Directions for this task —
The answer must consist only of the lines in the records below from the line with "PUHEENJOHTAJAN KATSAUS TOIMINTAVUOTEEN" to the line with "(C96) [LTM. (たいらはじめ)] ニセDRAGON・BLOOD! 24.", both included, copied word for word with every picture left out.

== Records shown

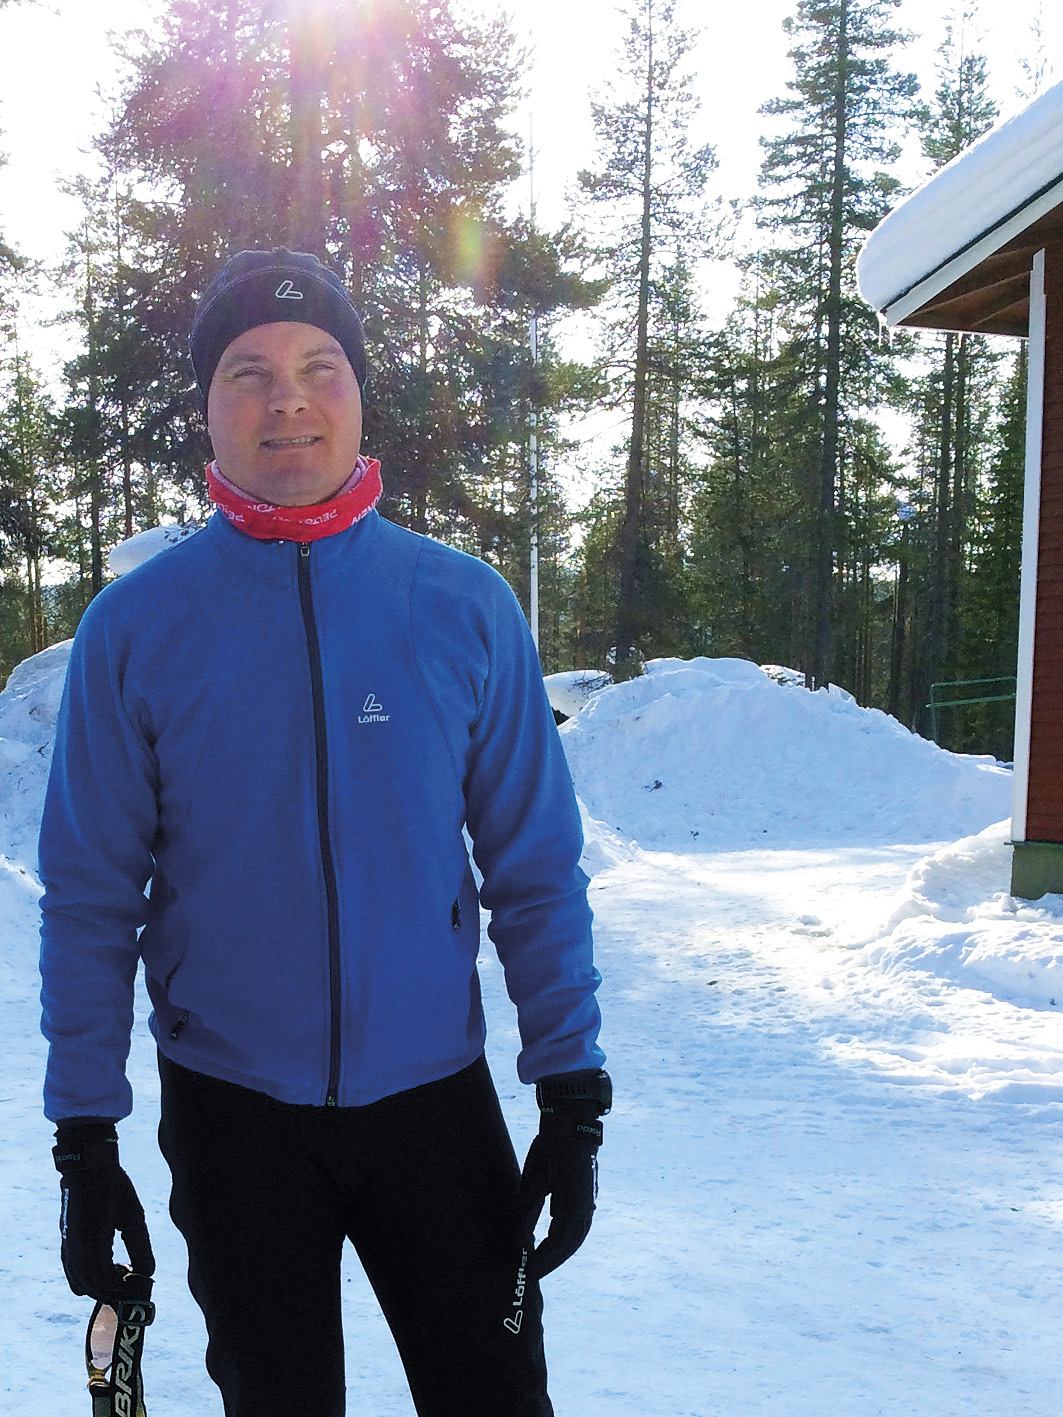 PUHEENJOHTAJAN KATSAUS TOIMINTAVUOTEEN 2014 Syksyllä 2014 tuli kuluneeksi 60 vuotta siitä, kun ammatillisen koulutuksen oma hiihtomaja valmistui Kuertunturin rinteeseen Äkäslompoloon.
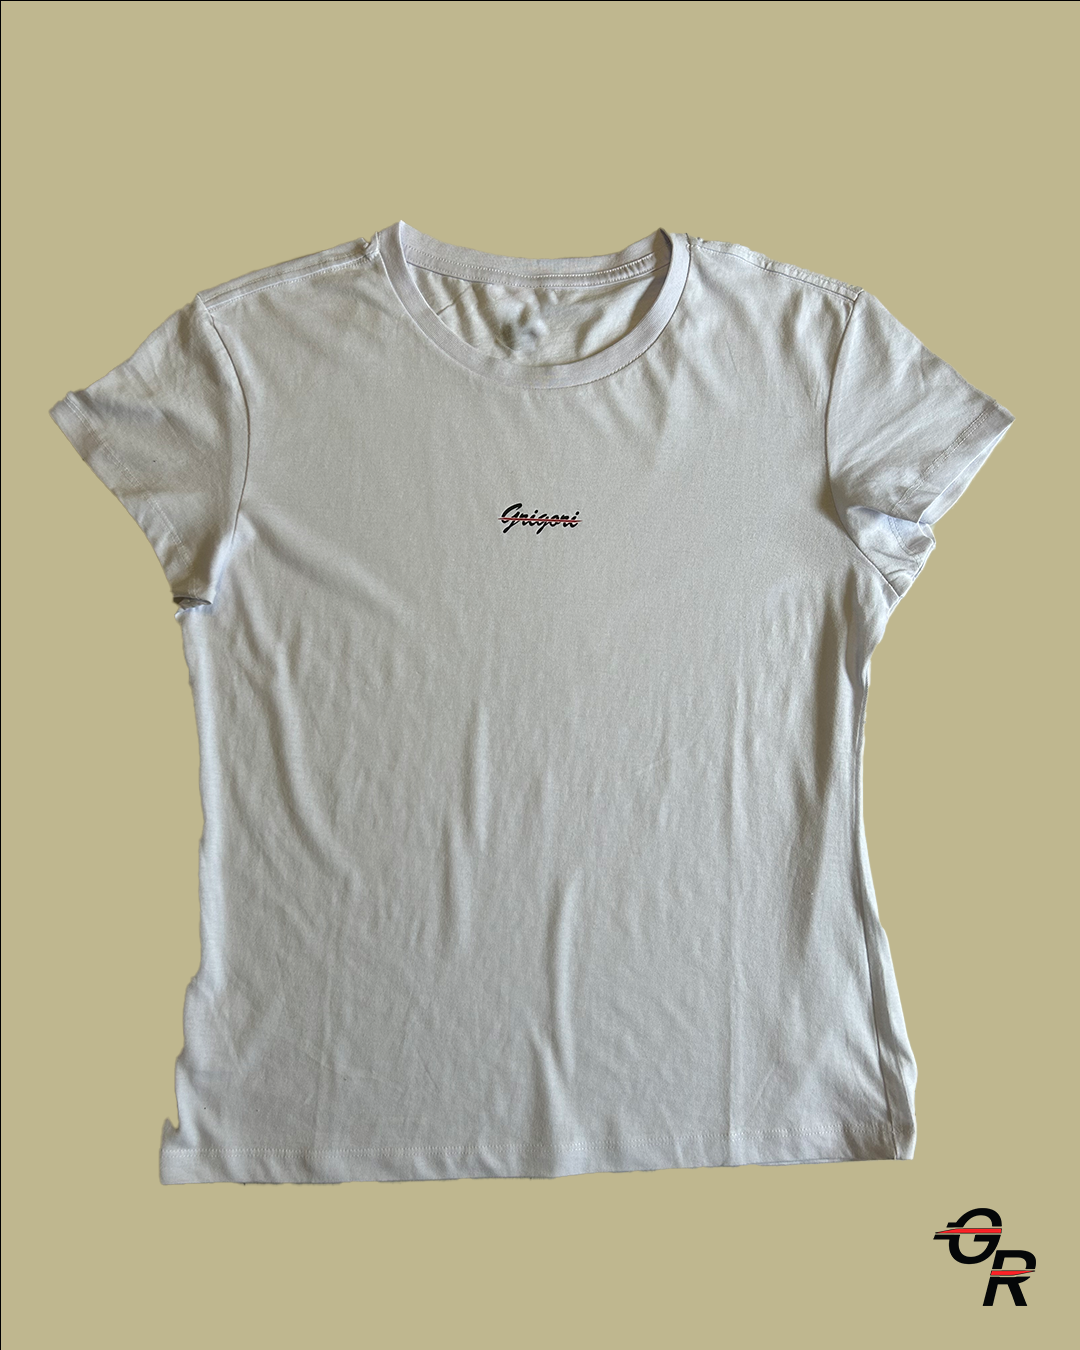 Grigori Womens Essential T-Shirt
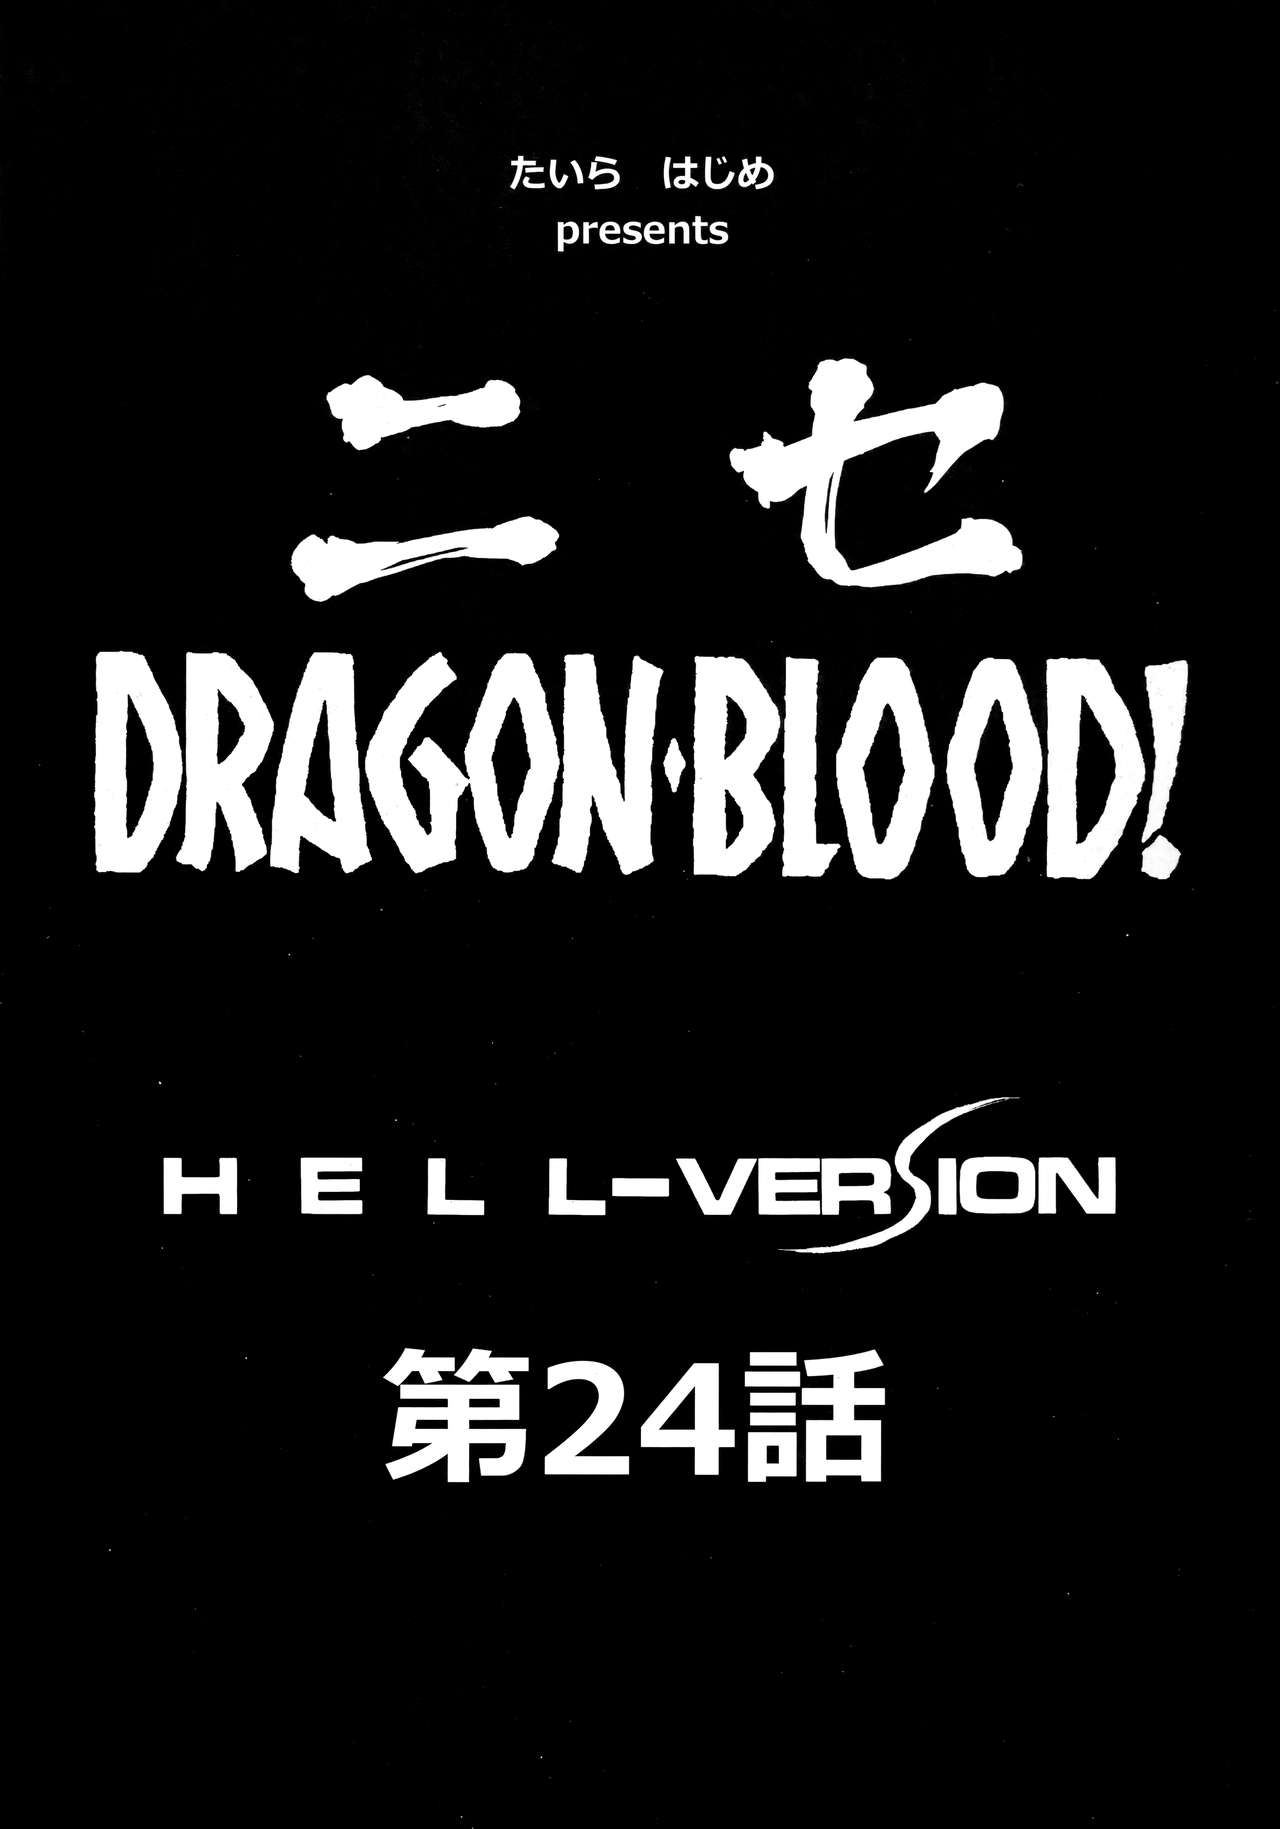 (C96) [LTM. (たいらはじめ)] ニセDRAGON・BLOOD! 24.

====
== Records shown

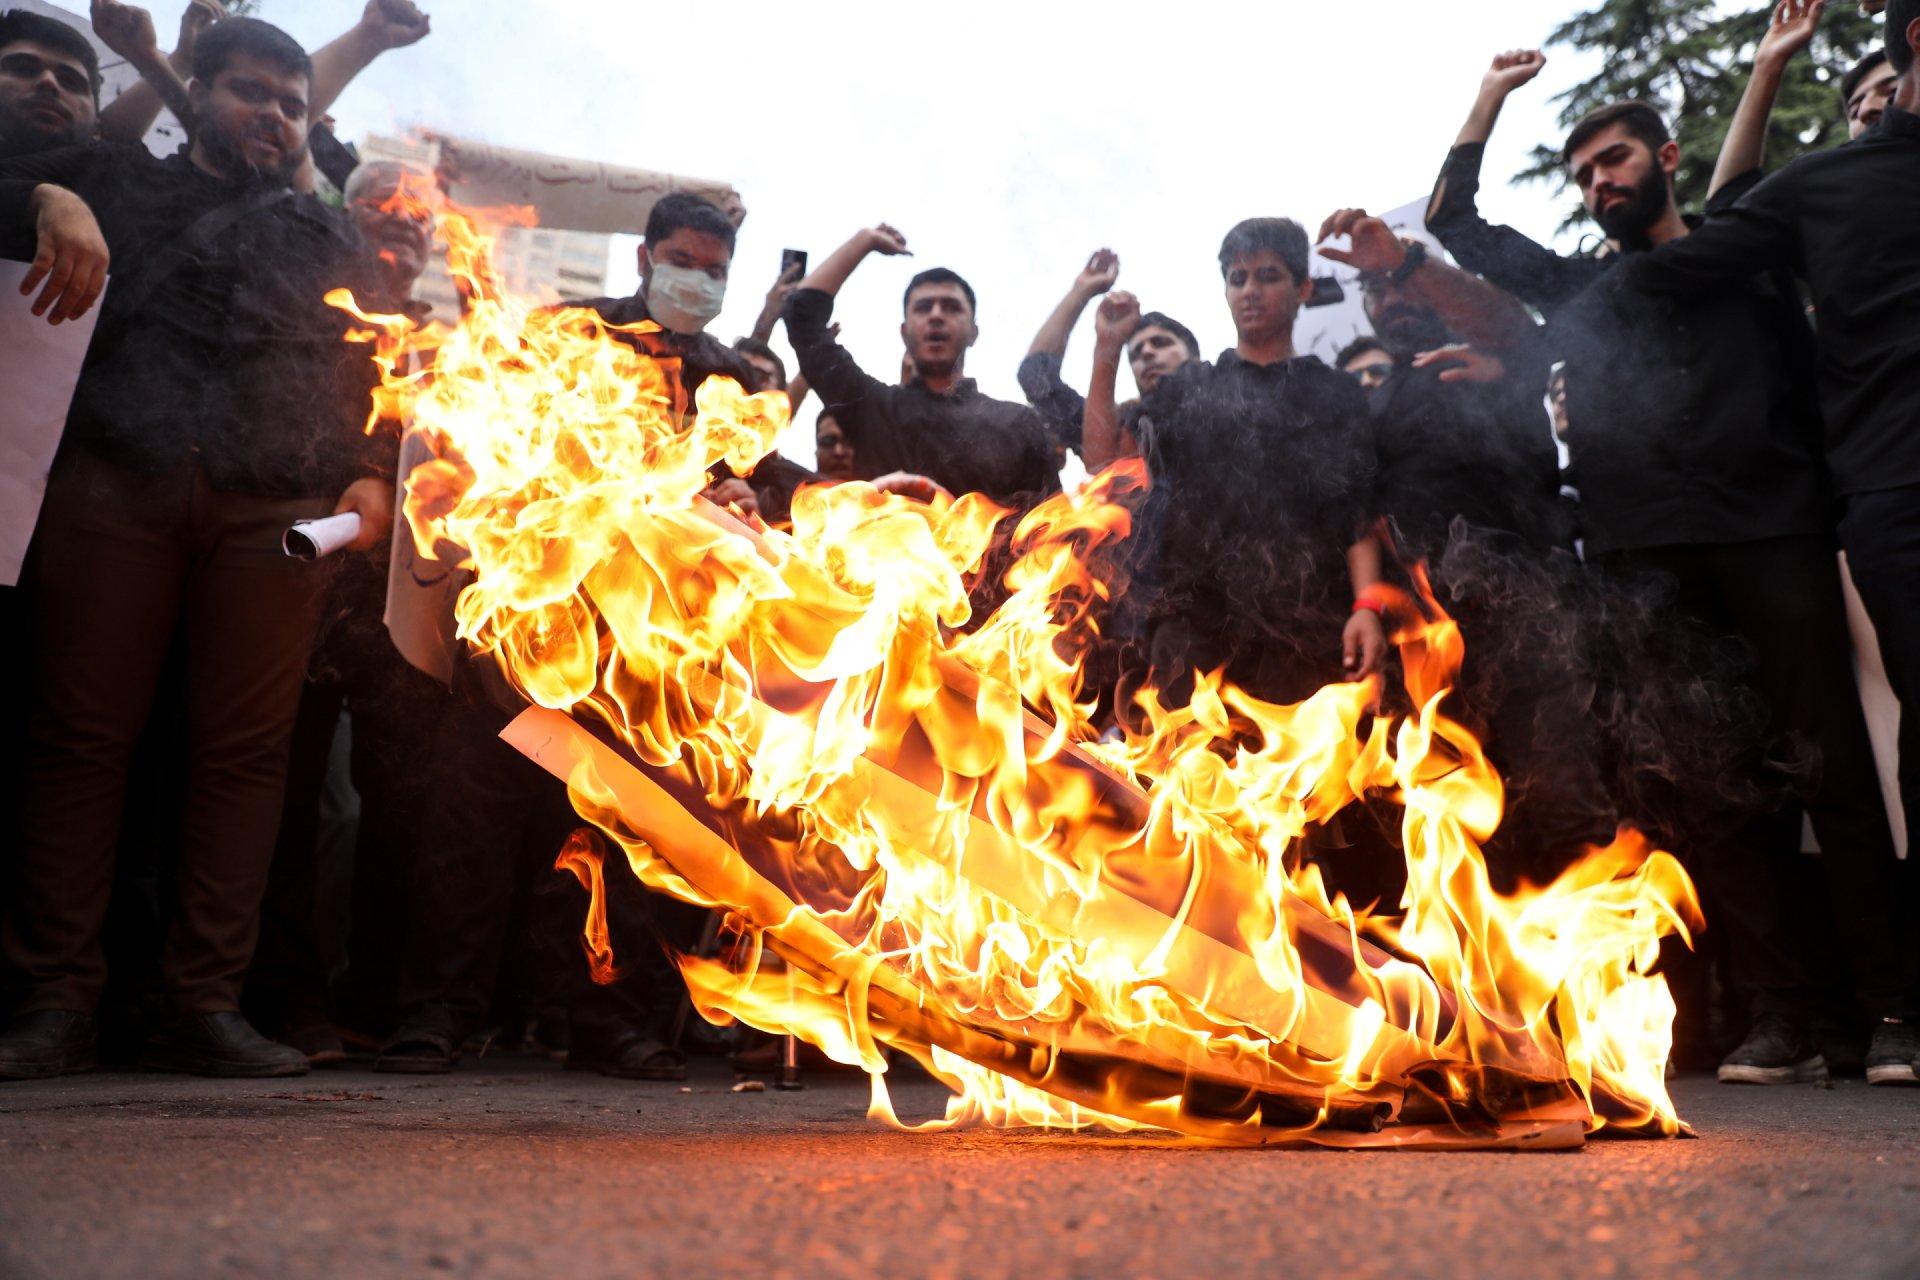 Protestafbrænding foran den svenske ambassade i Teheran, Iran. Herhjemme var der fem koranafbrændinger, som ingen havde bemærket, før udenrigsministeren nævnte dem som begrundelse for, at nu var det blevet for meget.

====

Worked solution —
 PUHEENJOHTAJAN KATSAUS TOIMINTAVUOTEEN 2014 Syksyllä 2014 tuli kuluneeksi 60 vuotta siitä, kun ammatillisen koulutuksen oma hiihtomaja valmistui Kuertunturin rinteeseen Äkäslompoloon.
 Grigori Womens Essential T-Shirt
 (C96) [LTM. (たいらはじめ)] ニセDRAGON・BLOOD! 24.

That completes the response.